Habakkuk, however, "was an honest seeker of the truth who went directly to God for the answer" (Hester, The Heart of Hebrew History). "While he is a man who has doubts and dares to express them, he does not make the mistake of ruling God out of the picture! Even though he is full of doubt he brings his distress and his doubts about God to God Himself!" (D. Stuart Briscoe). "Where men attempt to think through the age-old problem of evil and seek to relate the grim facts of history to a God of justice and power who holds all in His control, they find themselves drawn to Habakkuk" (New Layman's Bible Commentary).

The final conclusion of Habakkuk is that we must allow God to be God, and allow Him to do things His way and in His own good time. Our job is to trust Him and to live by faith! "The righteous will live by his faith" (Habakkuk 2:4) --- the key verse of this entire book!! Although things do not always turn out as we would like, yet we will rejoice in the Lord anyway! (Habakkuk 3:17-19).

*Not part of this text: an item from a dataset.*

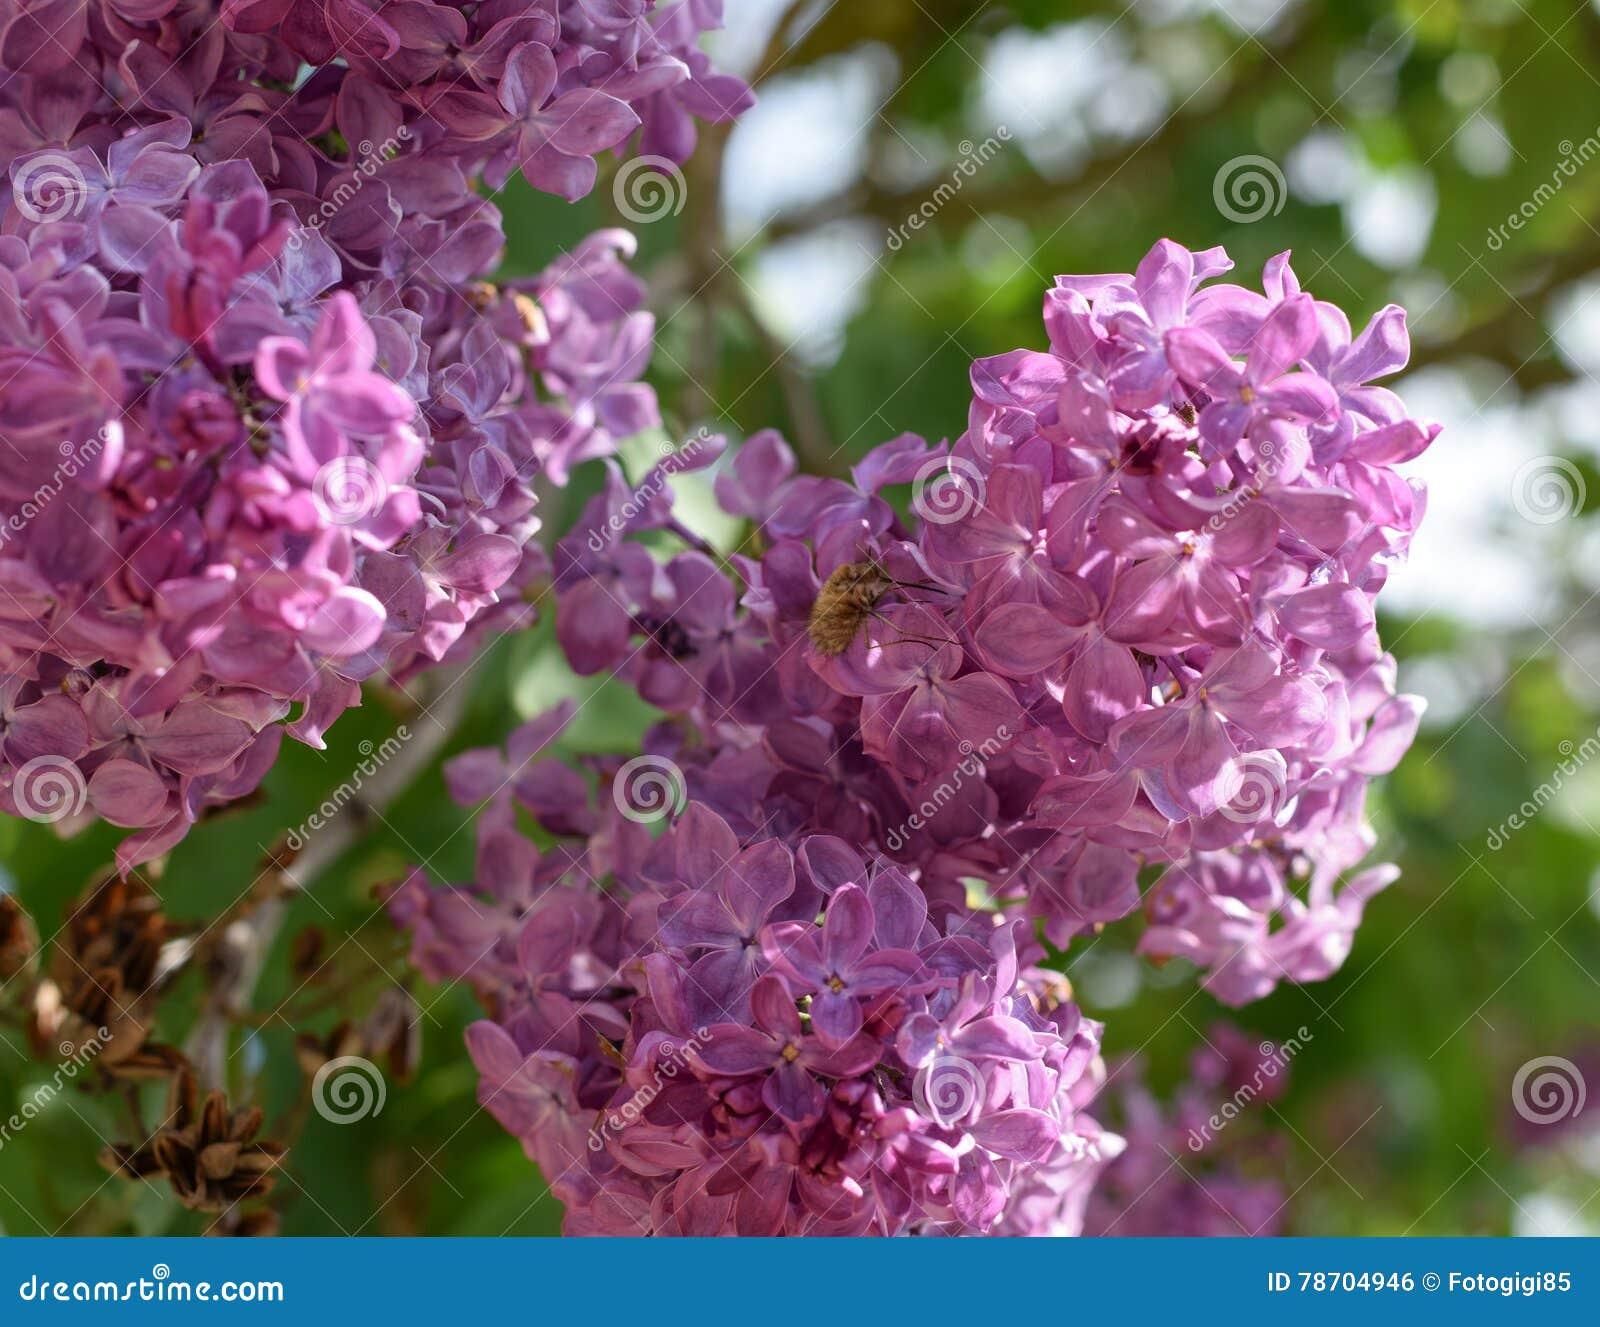 Abeille et guêpe sur le lilas Mouche hirsute sur des couleurs lilas insecte pollinisateur

"In spite of appearances to the contrary, God is still on the throne as the Lord of history and the Ruler of the nations. God may be slow to wrath, but all iniquity will be punished eventually. He is the worthiest object of faith, and the righteous man will trust in Him at all times" (Expanded Open Bible). "Apart from Isaiah (Is. 7:9; 28:16), no other prophet stressed the significance of faith and prayerful trust in such a way as did Habakkuk. The central theme of Habakkuk's prophecy, viz. that the righteous shall live by his faith (2:4), is taken up in the NT, and applied in significant contexts: Romans 1:17; Galatians 3:11; Hebrews 10:38-39" (Zondervan's Pictorial Encyclopedia of the Bible).

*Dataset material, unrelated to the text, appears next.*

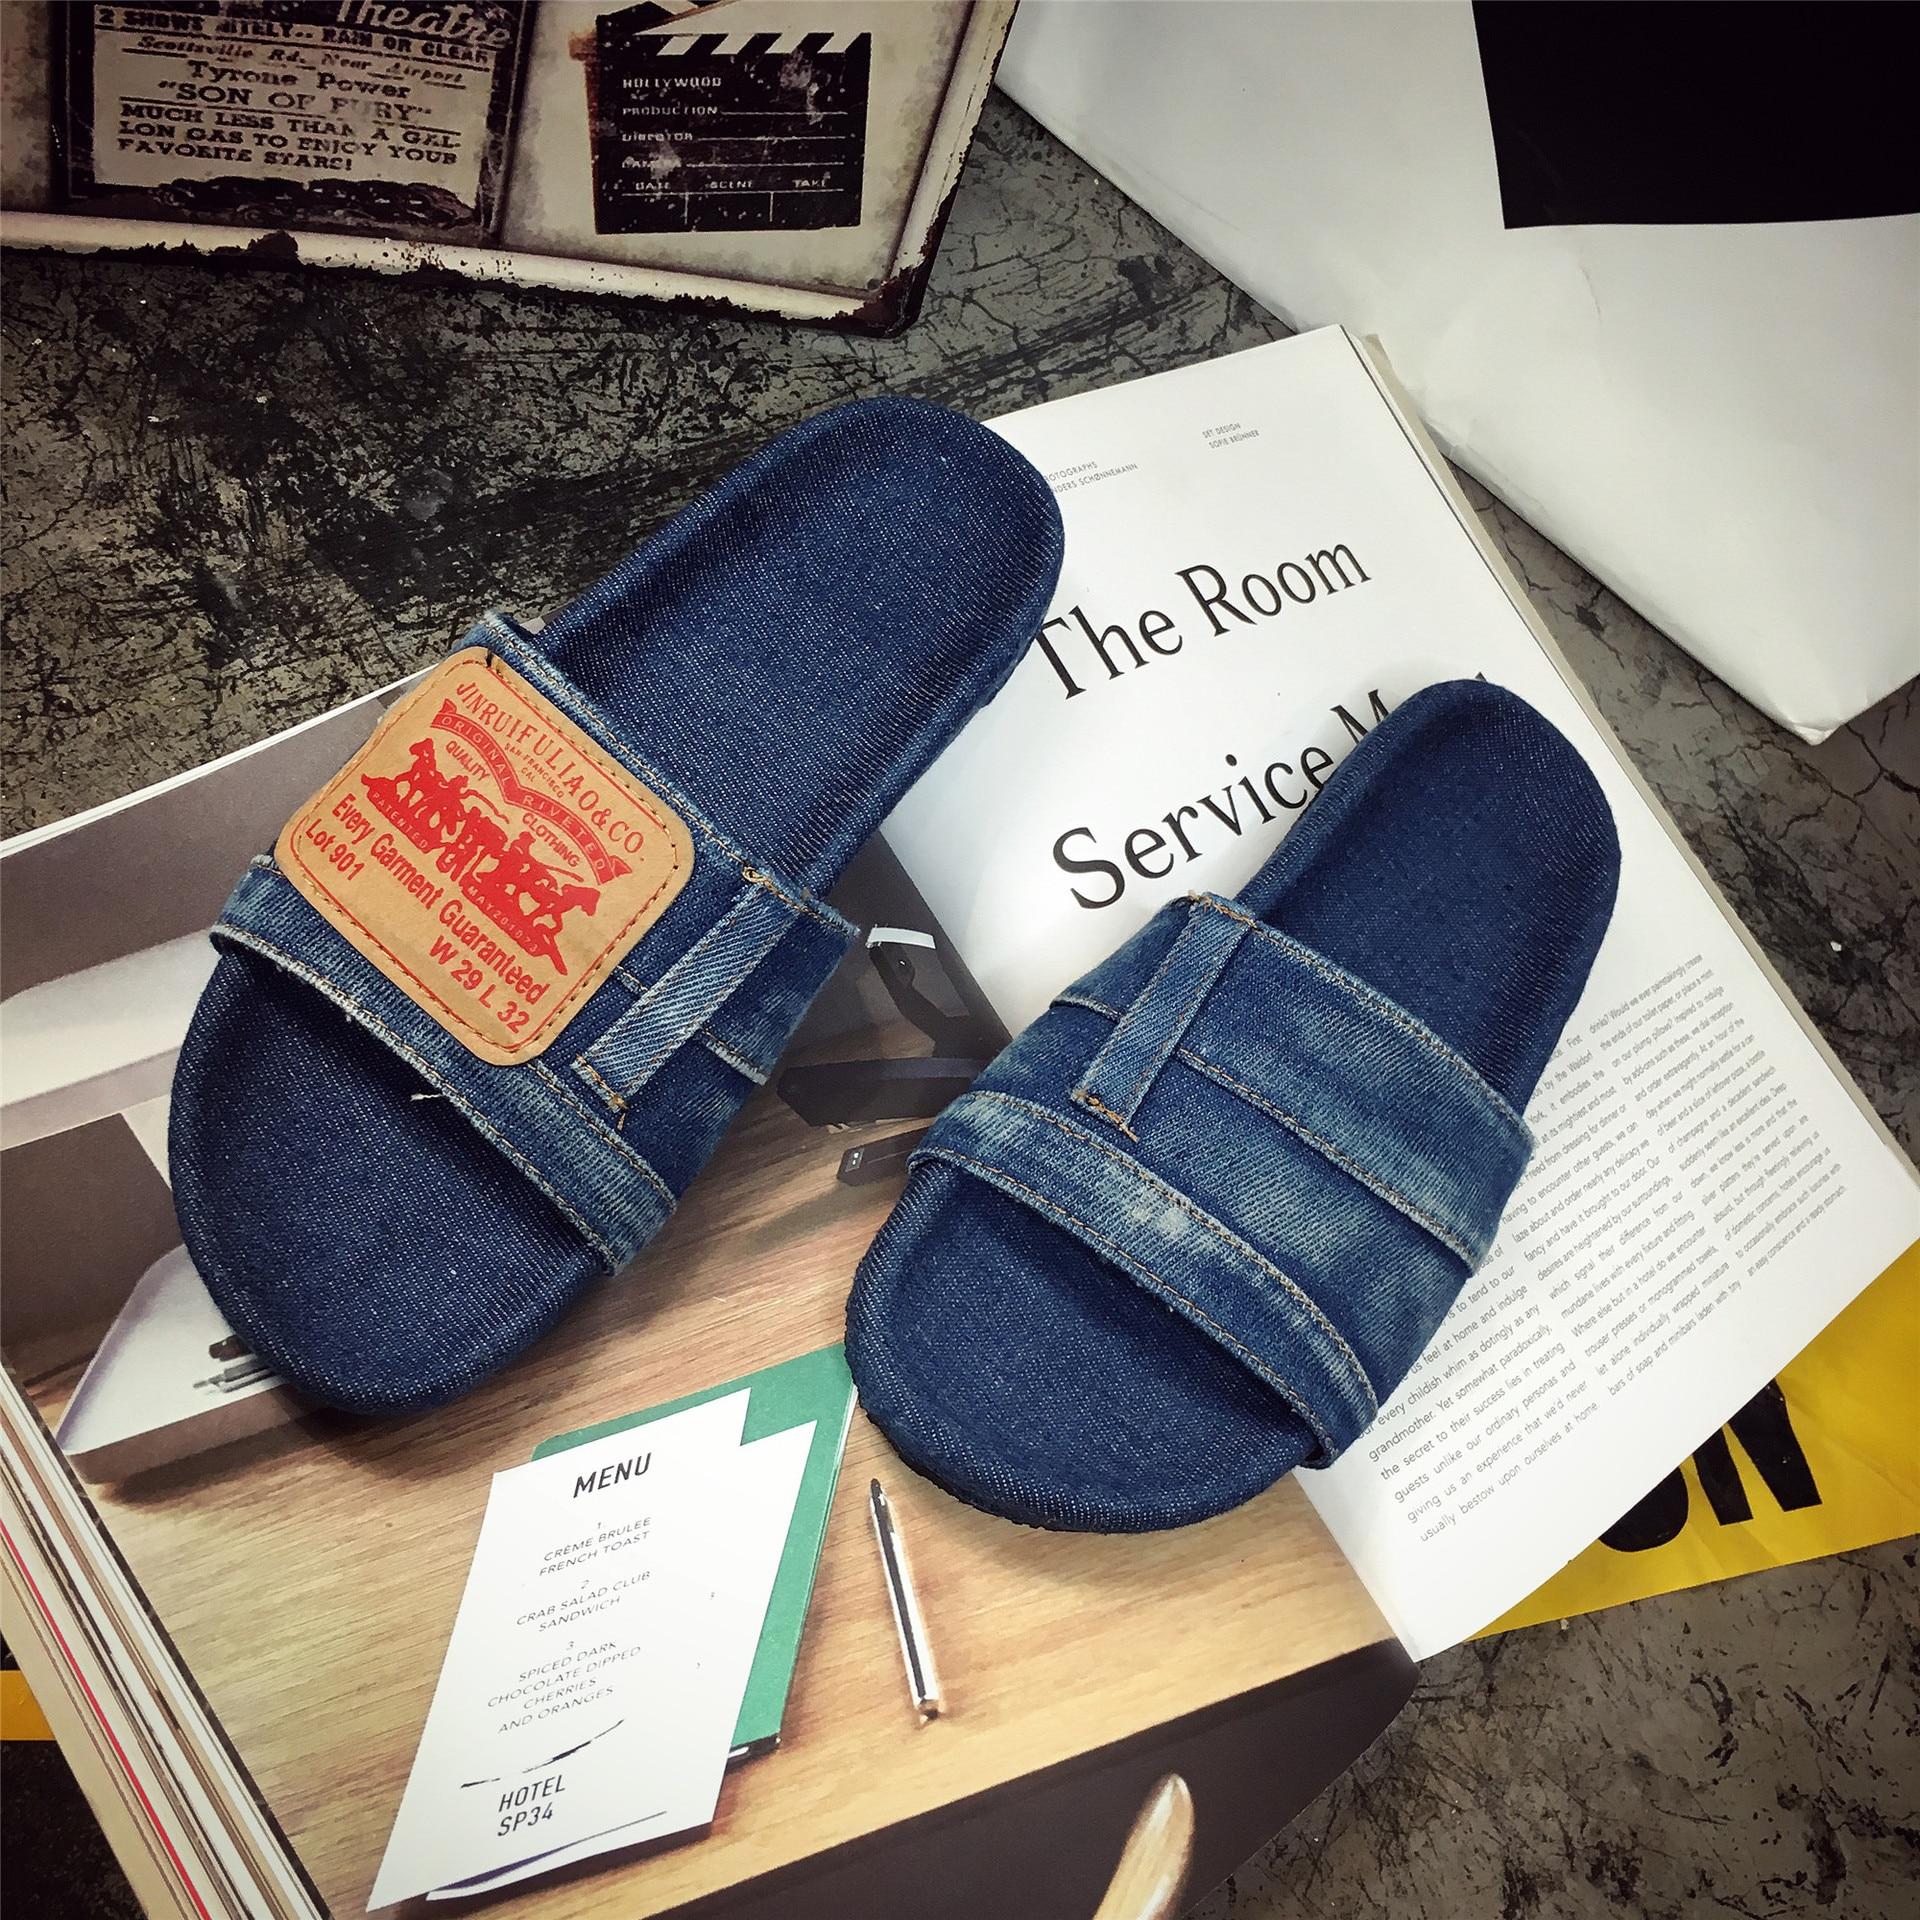 2019 sandalias de mezclilla nueva palabra zapatillas de mezclilla lavadas viejos zapatos planos de mujer casual sandalias salvajes Zapatos KATELVADI, sandalias de gladiador negras para mujer, sandalias de verano para mujer, Sandalias de tacón alto de 8CM con correa en el tobillo, sandalias para mujer, K-317

"The prophet closes his poems with one of the greatest declarations of faith to be found in biblical literature. The prophet who has raised such searching questions in the early part of the book declares that come the worst of it, he will hold steadfastly to the Lord" (Jack P. Lewis). "Though He slay me, I will hope in Him. Nevertheless I will argue my ways before Him" (Job 13:15).

"The growth of faith from perplexity and doubt to the height of absolute trust is one of the beautiful aspects of the book. Its lesson is for all time!" (Homer Hailey).